Commerce Bancshares, one of the Midwest’s strongest regional banks, joined the chorus of Q1 results reporting Tuesday (April 16) and sounded the theme of resiliency. Tipping its hat to the high interest rates and cautious consumer spending outlook that has dominated bank reporting over the past week, the company posted better than expected first-quarter earnings, citing solid consumer credit management as it continues to focus on liquidity.
“Commerce delivered a strong financial performance for the first quarter,” President and Chief Executive Officer John Kemper said in a press release. “Our results are a reflection of fundamental strength and a diversified business model, and evidence of our ability to perform well through economic cycles.”
The bank posted a net income of $112.7 million, marking a slight decrease from the $119.5 million reported in Q1 2023. Kemper highlighted the bank’s resilient financial performance in which it managed a slight increase in net interest income over Q4 with a notable expansion in the net interest margin by 16 basis points. This was partially due to the controlled rise in interest-bearing deposit costs, which only increased by 4 basis points, reflecting the strength of Commerce’s deposits.

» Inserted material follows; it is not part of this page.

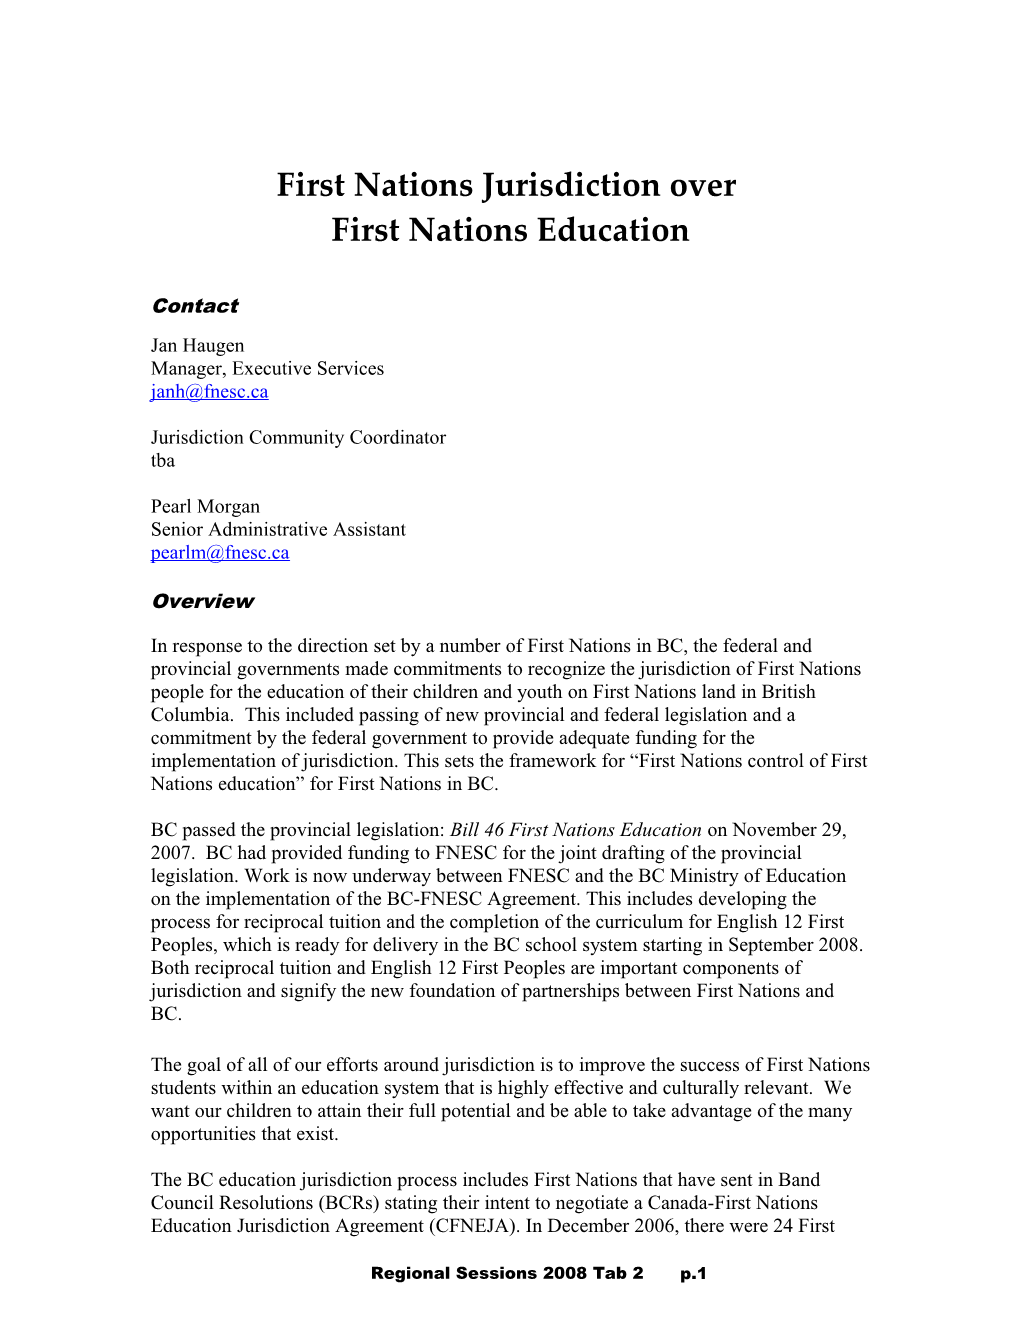 First Nations Jurisdiction Over First Nations Education
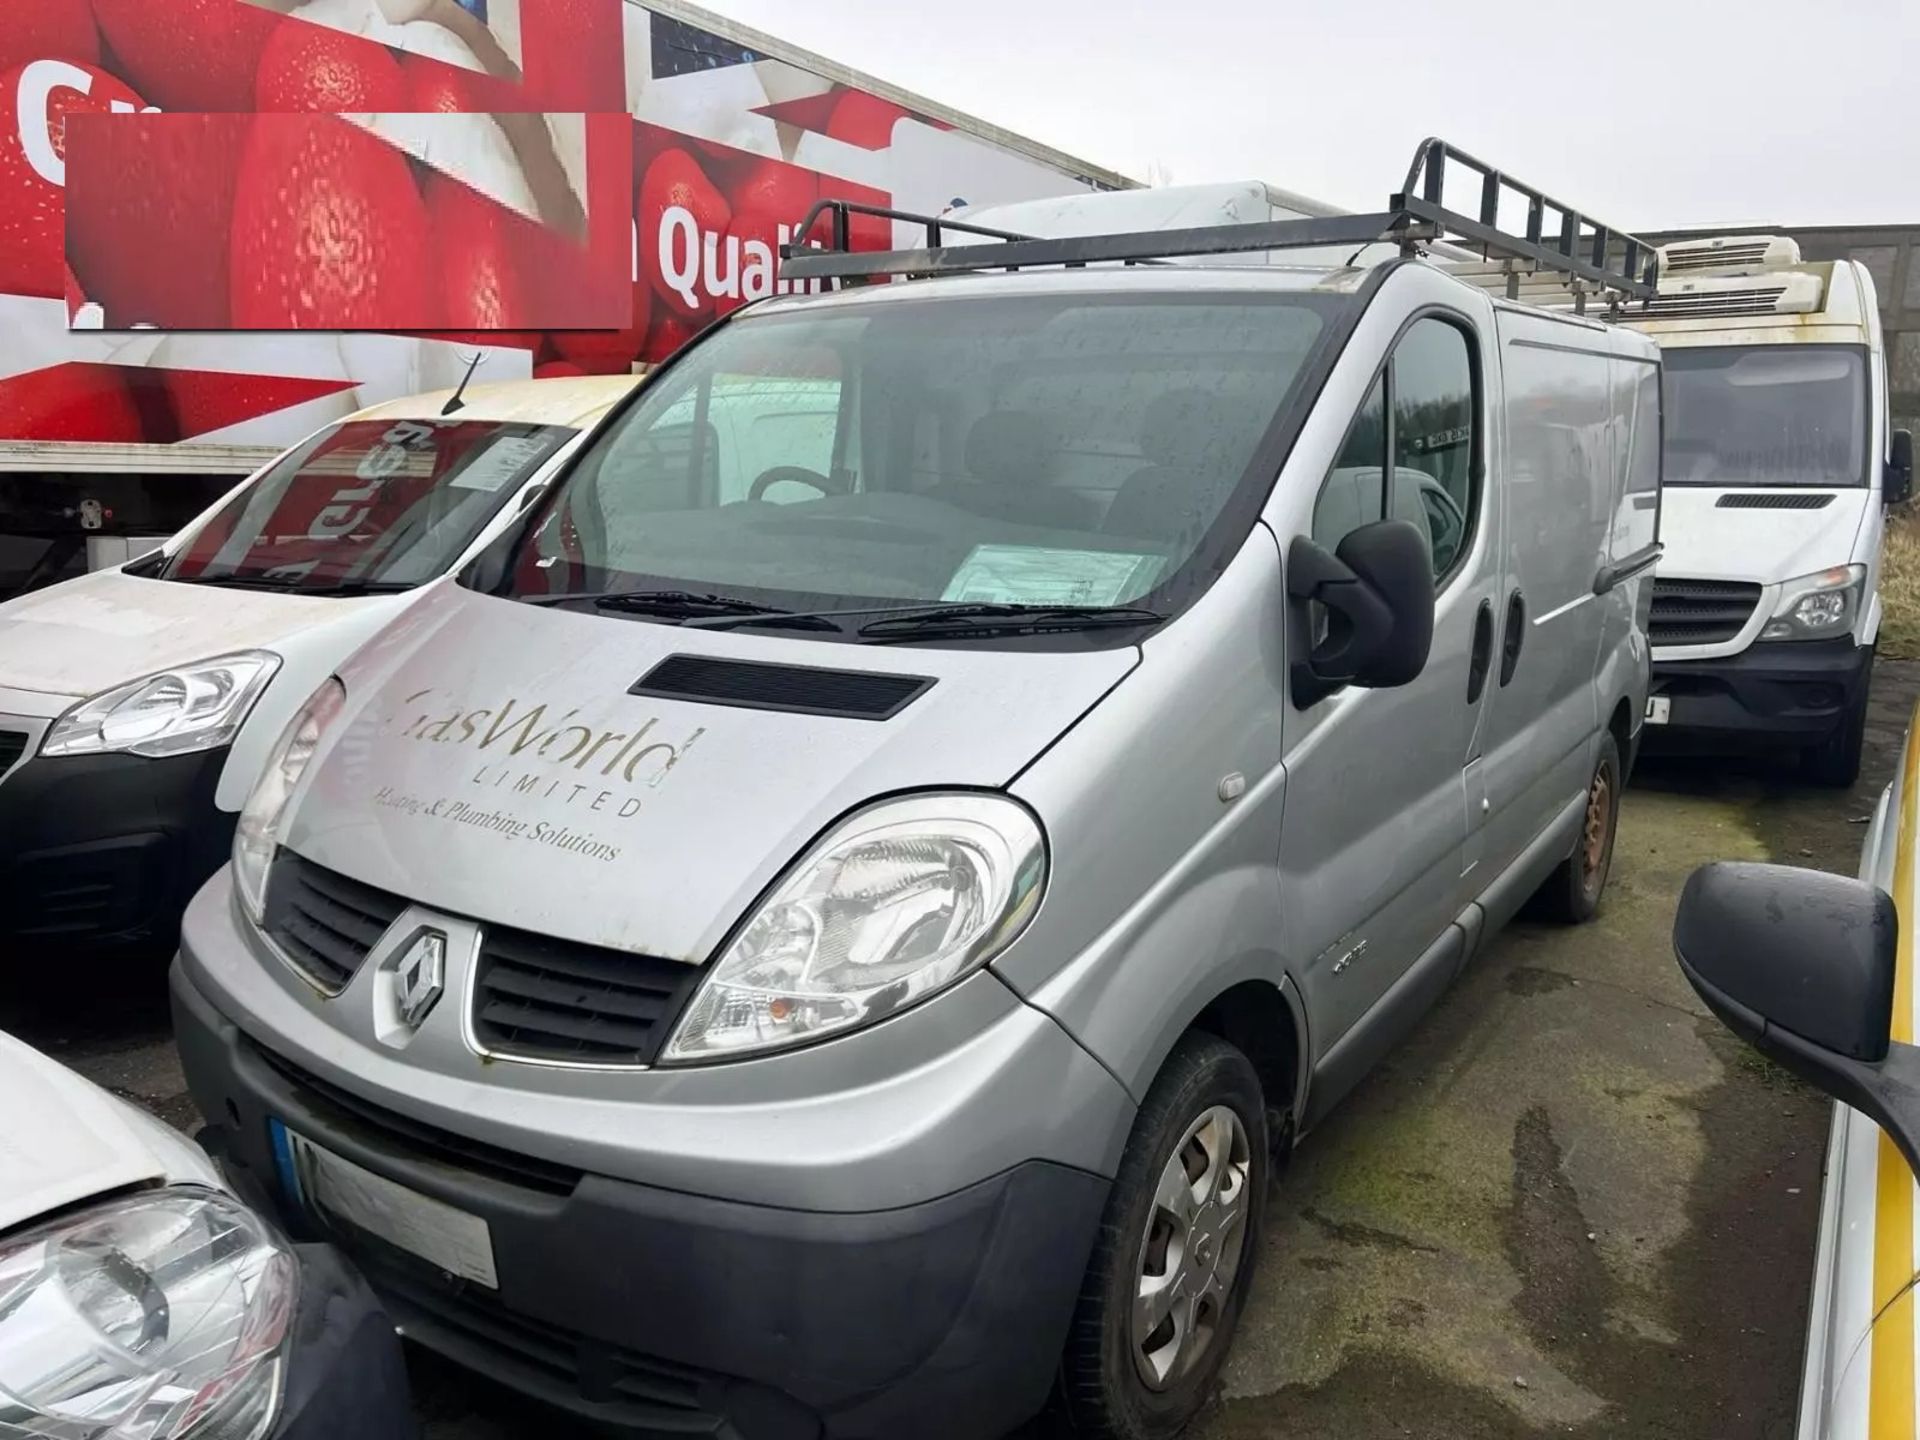 RENAULT TRAFIC SL27 DCI SWB PANEL VAN 2013 - IDEAL FOR REPAIRS, GREAT VALUE - Image 4 of 5

But Q1 earnings have been watched closely for indications of consumer spending and credit health. Here Commerce’s performance remained strong, with non-accrual loans constituting just 0.03% of total loans, an improvement from 0.05% in Q4. The bank reported that average loan balances stood steady at $17.1 billion. However, the dynamics within loan categories were mixed; average balances of business real estate loans increased, whereas construction and consumer loans saw declines. The bank sold fixed-rate personal real estate loans worth $7.4 million during the quarter.
Non-interest income for the quarter was $148.8 million, up by $11.2 million from last year, driven largely by an increase in trust fees, which grew by 12.7% due to higher private client fees, suggesting a growing reliance on wealth management and advisory services, possibly as consumers seek to navigate a complex financial landscape.
Non-interest expenses rose to $245.7 million, influenced by a $10.0 million litigation settlement expense and adjustments to the FDIC’s insurance special assessment, continuing to sound another common theme so far this earnings season, which are the ongoing costs that financial institutions are facing amid regulatory and legal challenges.
All in, the Commerce Q1 earnings provided a mixed but generally positive picture of consumer financial health. The stability in loan balances and the improvement in credit quality are encouraging signs. However, the shifts in deposit behaviors and the unrealized losses on securities suggest that consumers are feeling the impact of the persistent high interest rates. This could indicate a more cautious approach to spending and investment as consumers and businesses alike adapt to the current economic climate.